Look around your office.
· Is your computer password protected?
· Is there any other level of security when you access the company’s processing software?
· Do you leave files on your desk when you’re out of the office, or lock them in a draw?
· What happens when you leave at the end of the day, are all files locked up?
· When you meet with an applicant outside your office, do you take the application on your laptop?
· Is the laptop password protected?
· Does it have wireless access?
· What level of encryption are you using?
· Do you use your laptop at home?
· What level of security do you have on your home network?
· Do you always take your laptop (along with whatever customer information that is stored on it) with you wherever you go?
· Are you backing up your data onto you home network and is that storage protected?
· What protocols do you follow to keep the laptop from being stolen?
· What protocols do you follow to keep the backed-up data that’s stored at home from being stolen?
· What do you do to protect documents that you have taken from your applicant from being lost, stolen or damaged?
· Do you always ship documents via messenger or some other method that produces a signed receipt?
· Do you use any other portable devices that can possibly contain your client’s personal information?
· Do you delete that data from the handheld immediately after you’re finished using it or do you just assume you won’t lose it or have it stolen?
· Do you return all documents to your clients and shred any copies that are in your possession after you’re done with them?

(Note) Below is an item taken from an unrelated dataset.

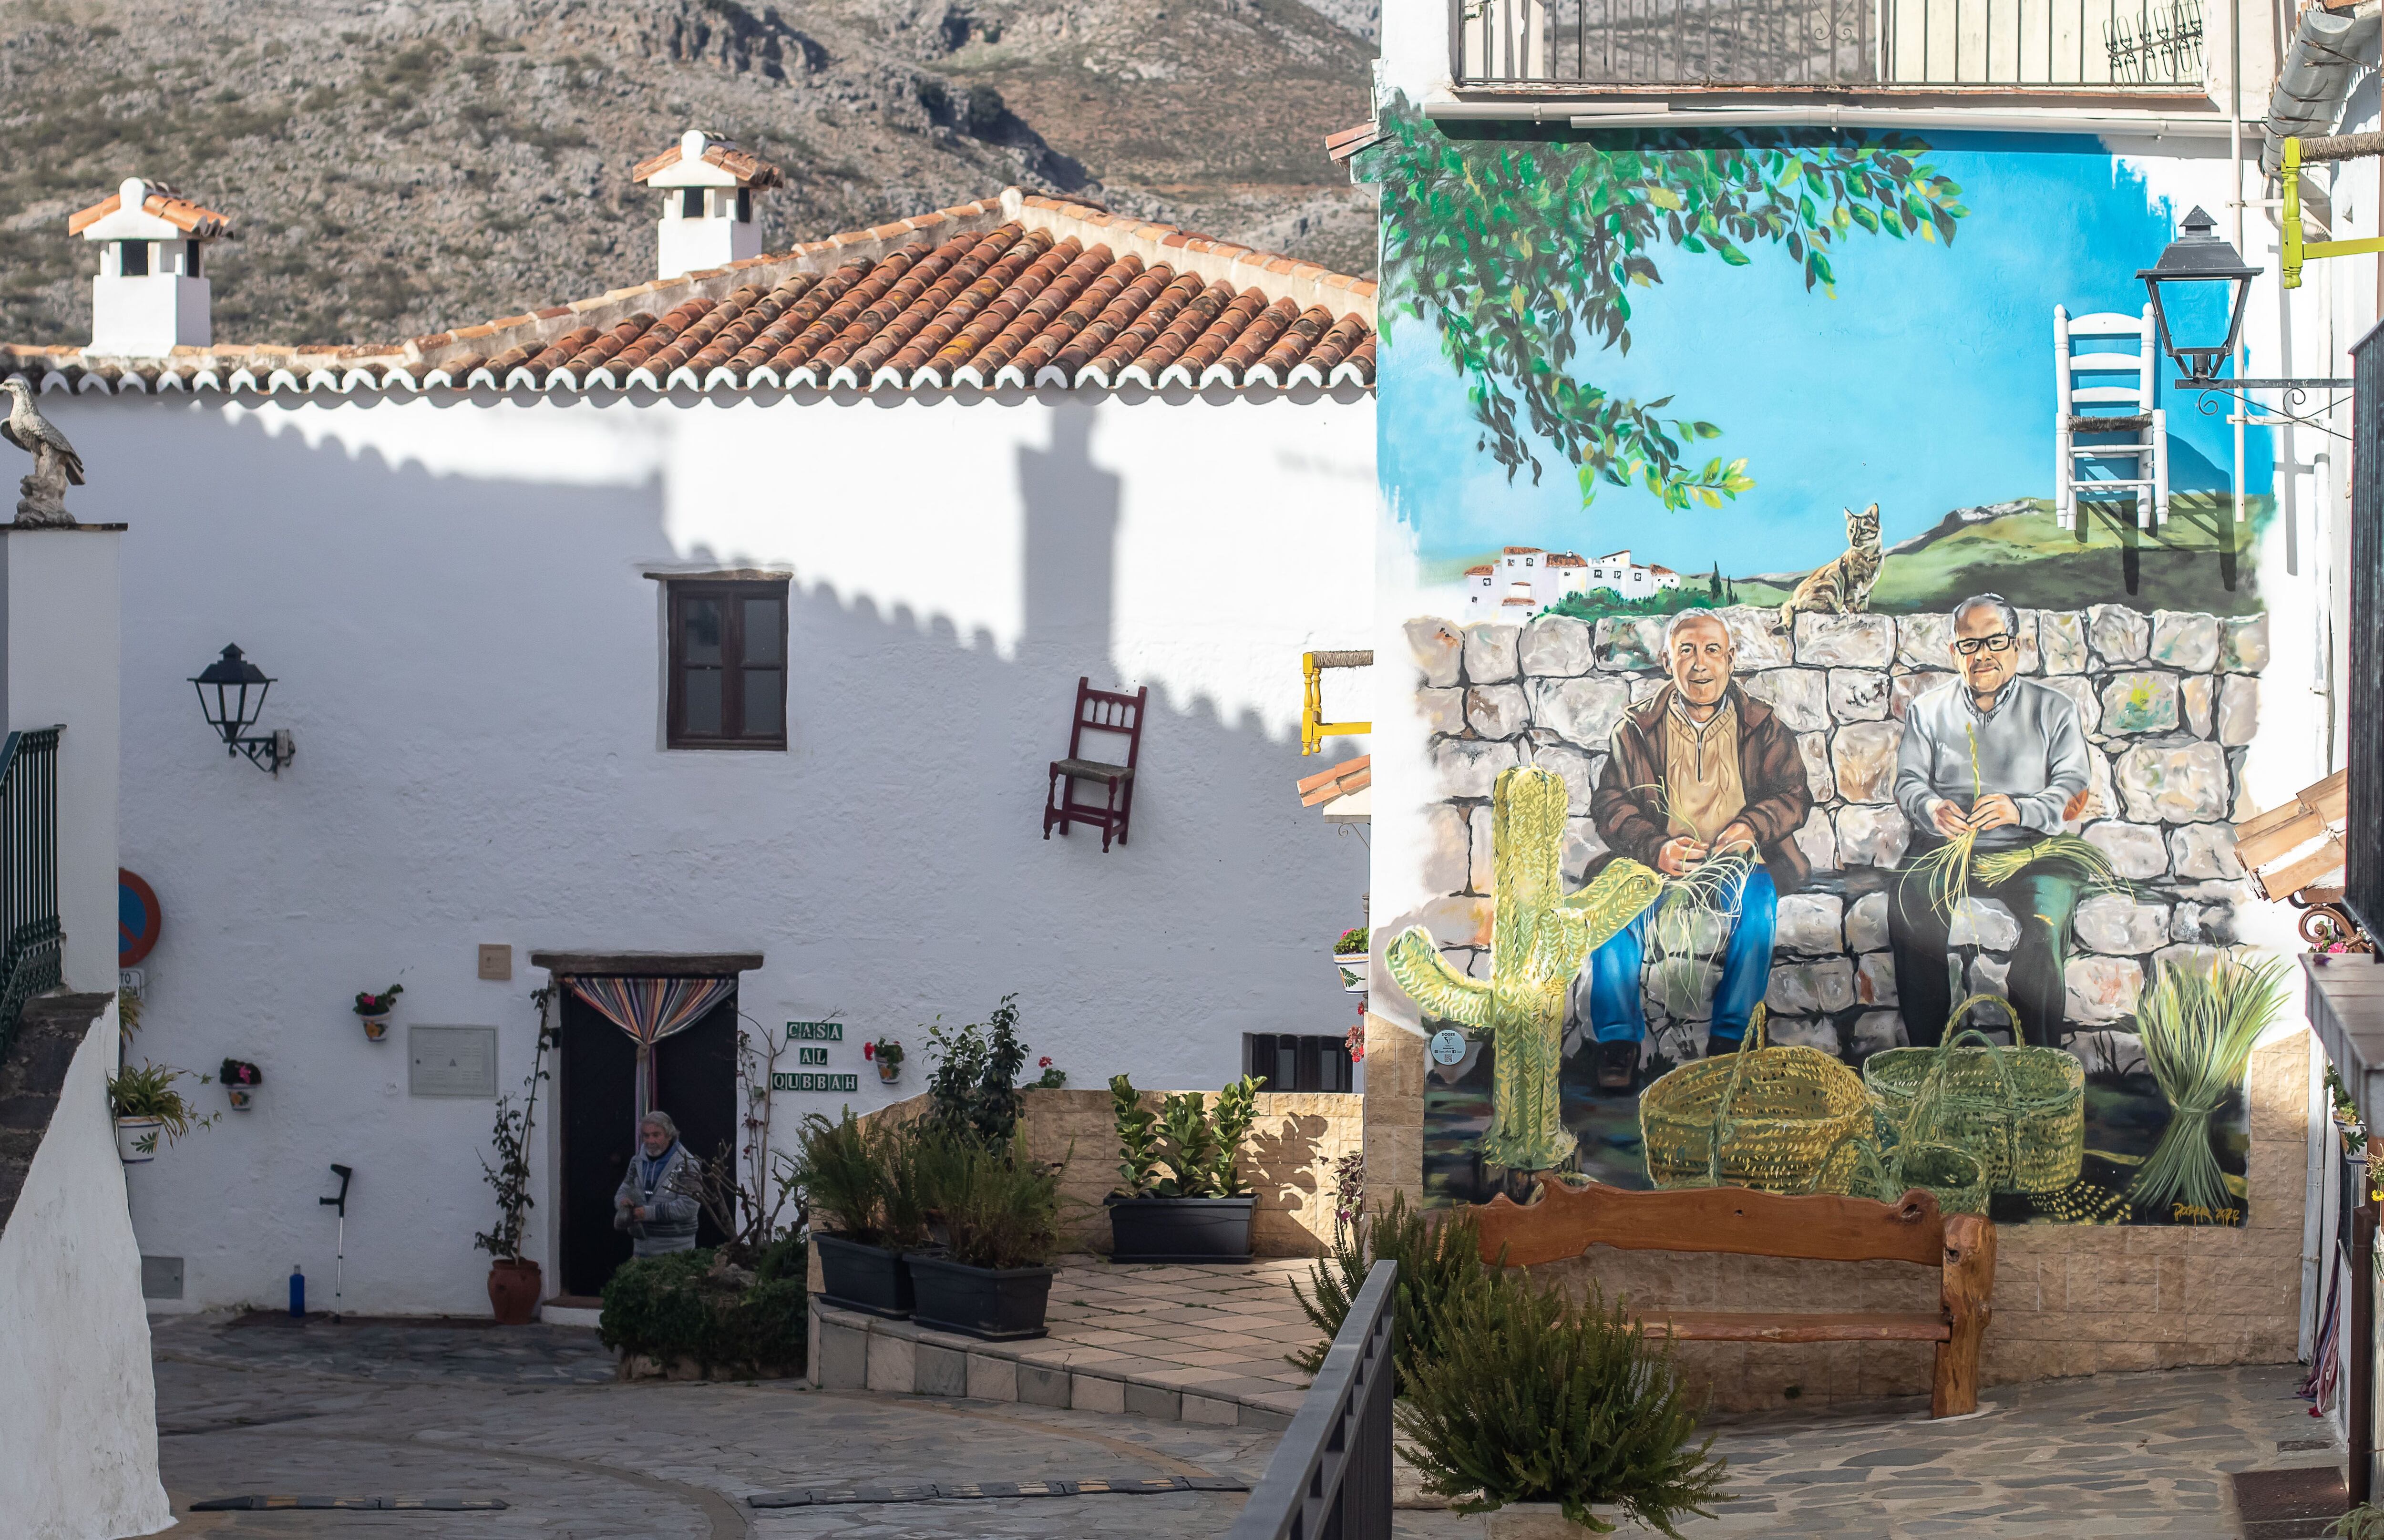 Mural dedicado a Mateo Peña y Vicente Sánchez en una de las calles de Parauta, en la que también se observan las sillas que decoran las vías de la localidad.
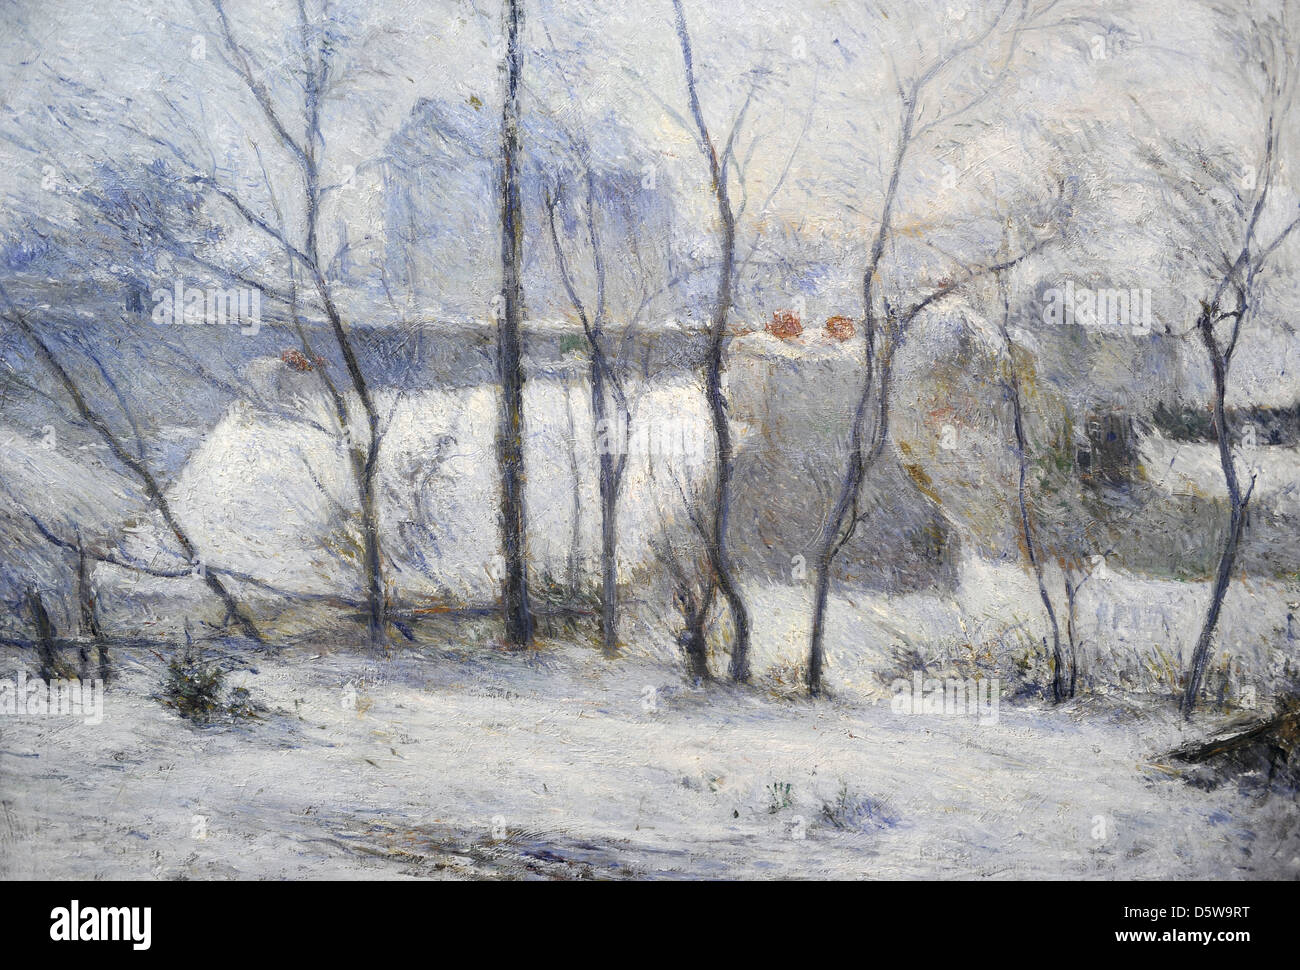 Paul Gauguin (1848-1903). Le peintre français. Paysage d'hiver, 1879. Huile sur toile, Musée des beaux-arts de Budapest. La Hongrie. Banque D'Images

You need to treat all documents, both hard copies and electronic, as if they are yours. Would you casually leave your bank statements around for anyone to pick up and read? Would you leave your social security number with your home address on your desk for the maintenance people to see? Of course not! Handle your applicant’s paperwork as if it is your own and you will stay clear of trouble.
Our industry is going through a major evolution. If you plan to continue working in it you will need to accept a new level of responsibility. You cannot exist as an order taker. You will need to conduct yourself as a professional, take responsibility for your actions and supply the level of service that your clients expect from you.
If you’re not willing to do this then find a new profession now before either the market or the regulators force you out.